→ What the task requires: Output exactly the lines from the line that has "Korean cuisine - Nori seaweed chips photo" through the last line of the data below, with no pictures.

→ Input data:
--*--
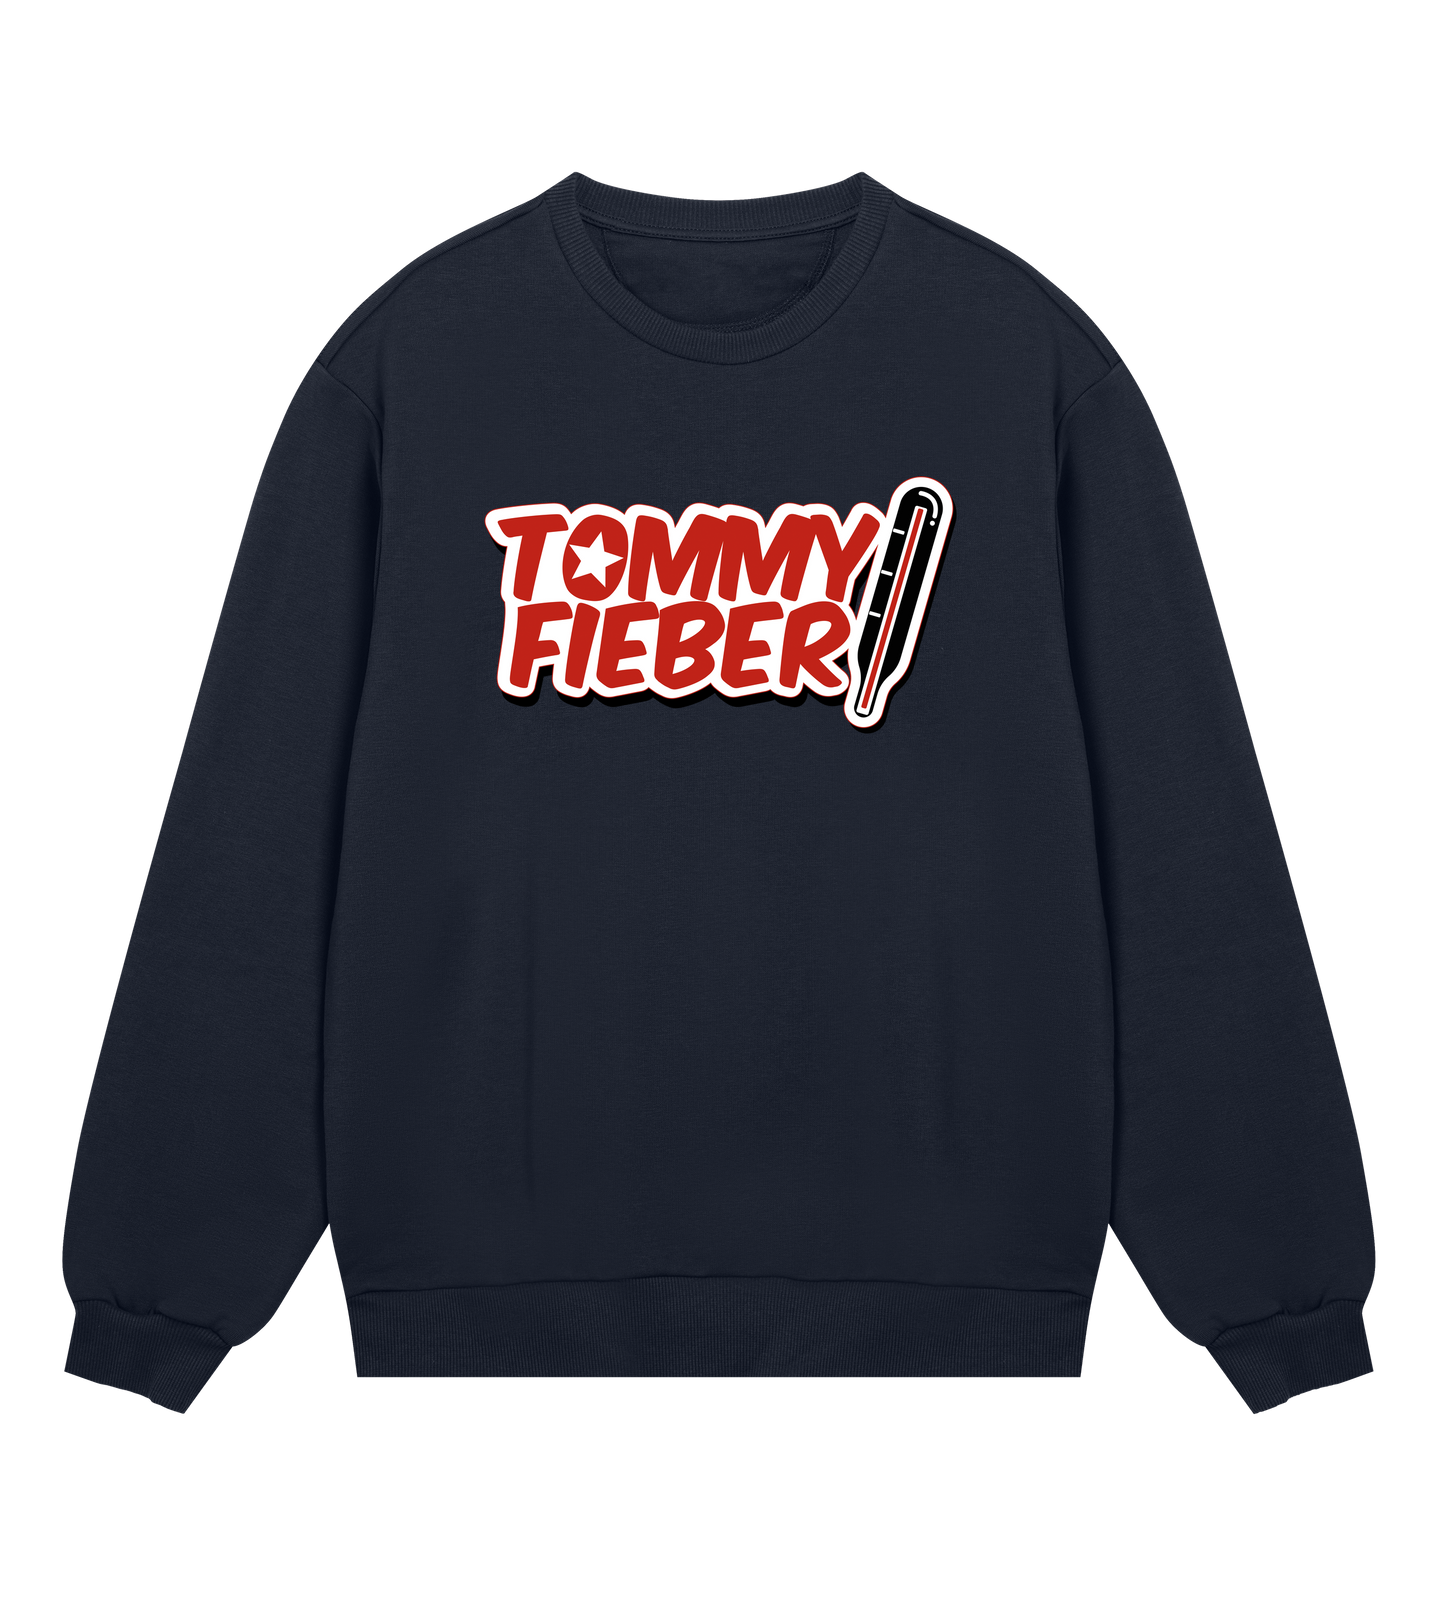 Tommy Fieber - Mens Regular Sweatshirt
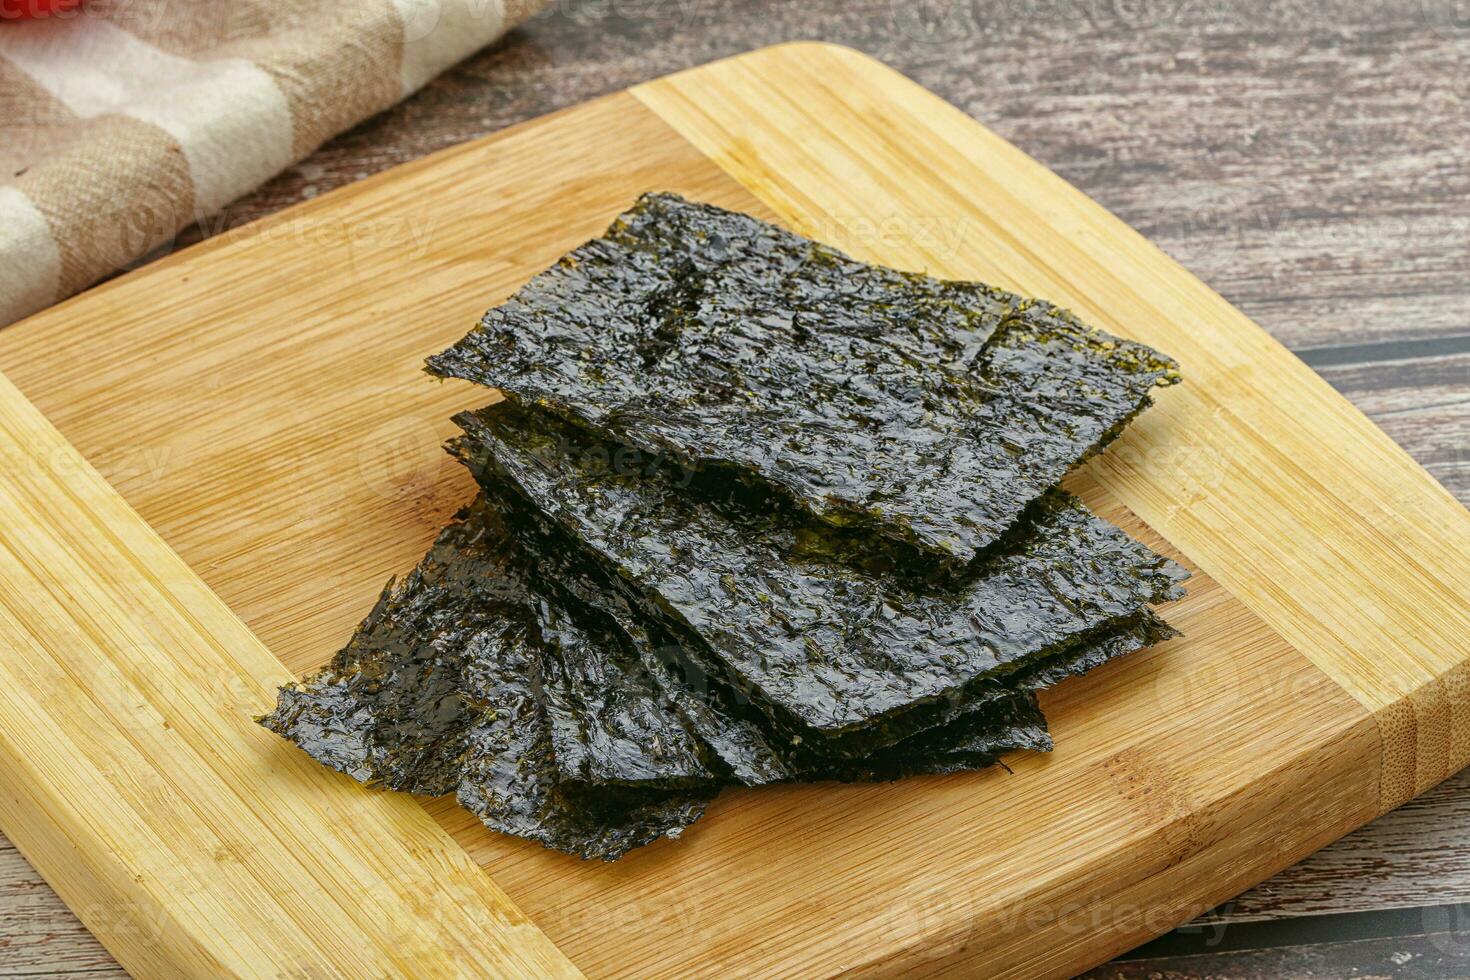 Korean cuisine - Nori seaweed chips photo
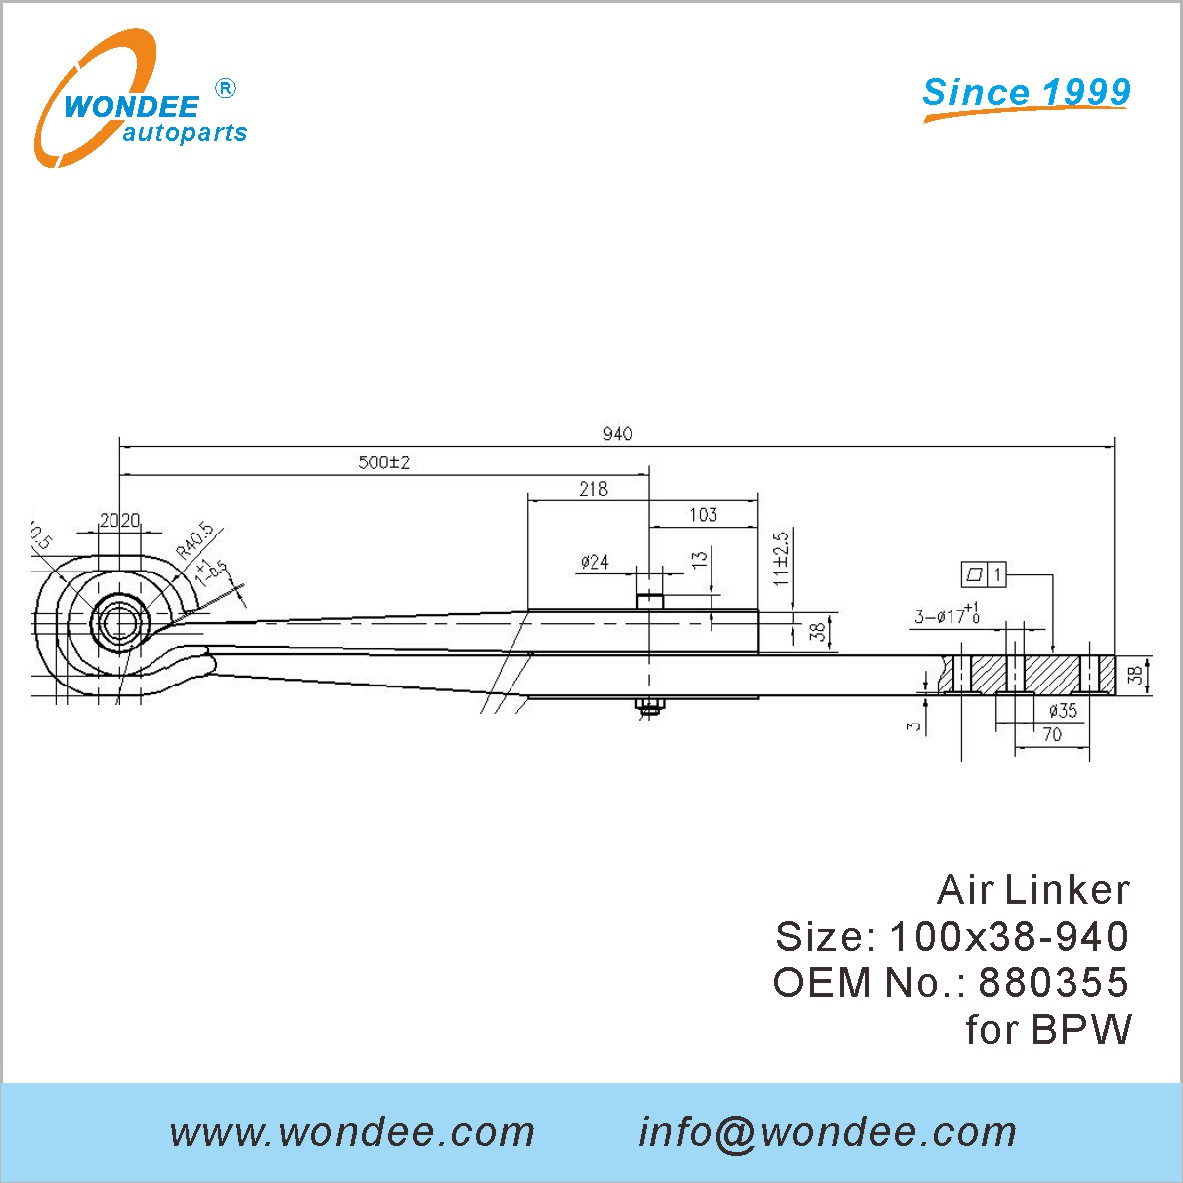 WONDEE Autoparts Air Linker OEM 880355 for BPW
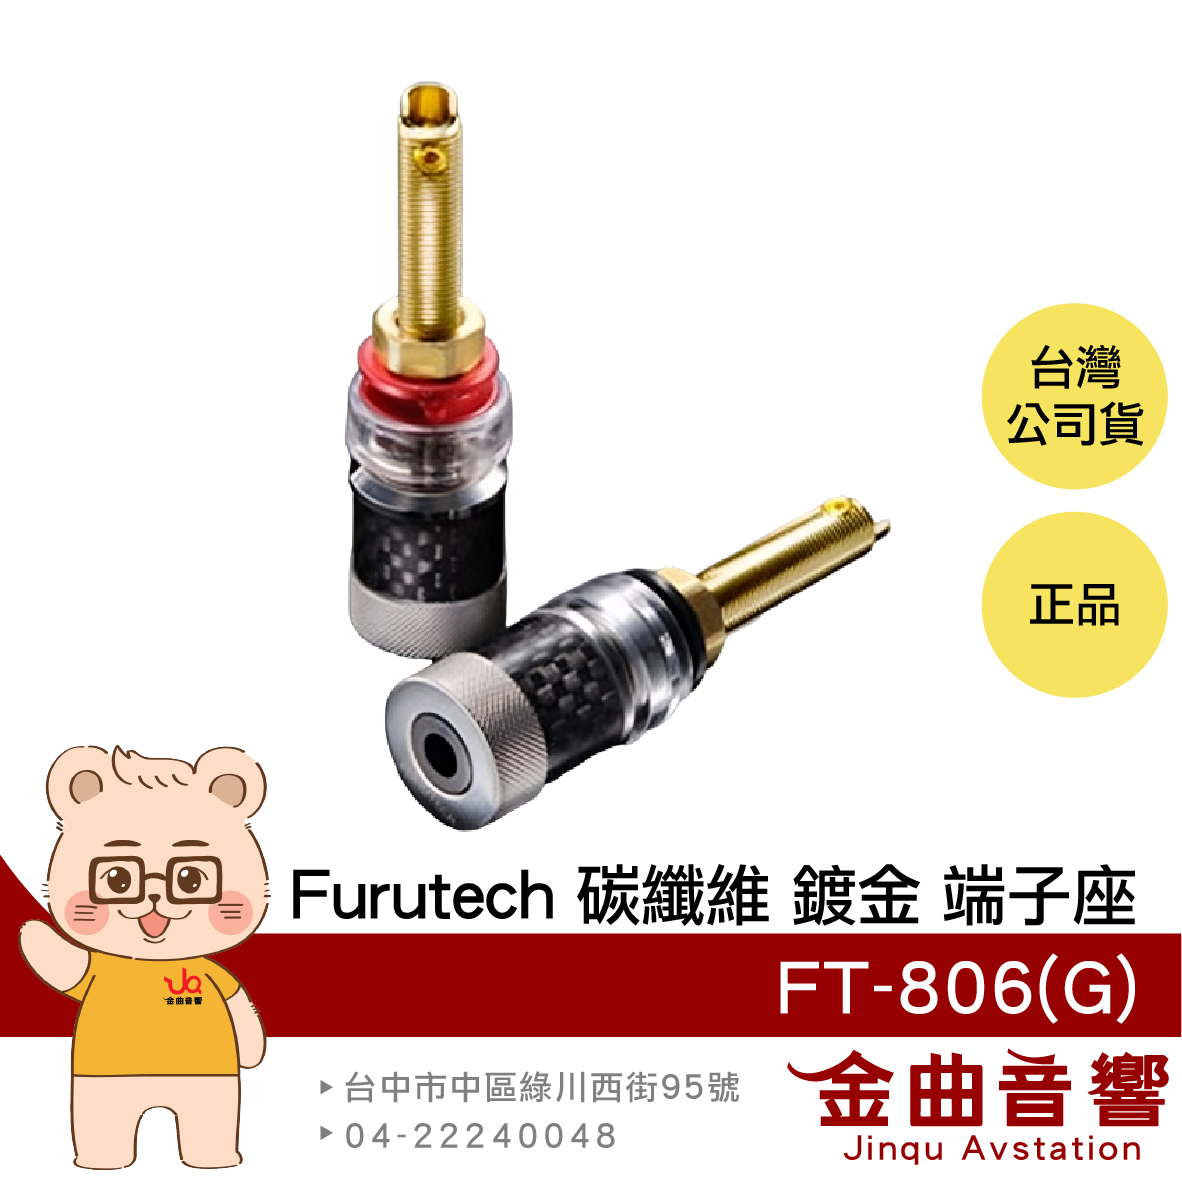 FURUTECH 古河 FT-806(G) 鍍金 碳纖維 音響 端子座 | 金曲音響
--*--
→ Answer box:
 Korean cuisine - Nori seaweed chips photo
 WONDEE Autoparts Air Linker OEM 880355 for BPW
 FURUTECH 古河 FT-806(G) 鍍金 碳纖維 音響 端子座 | 金曲音響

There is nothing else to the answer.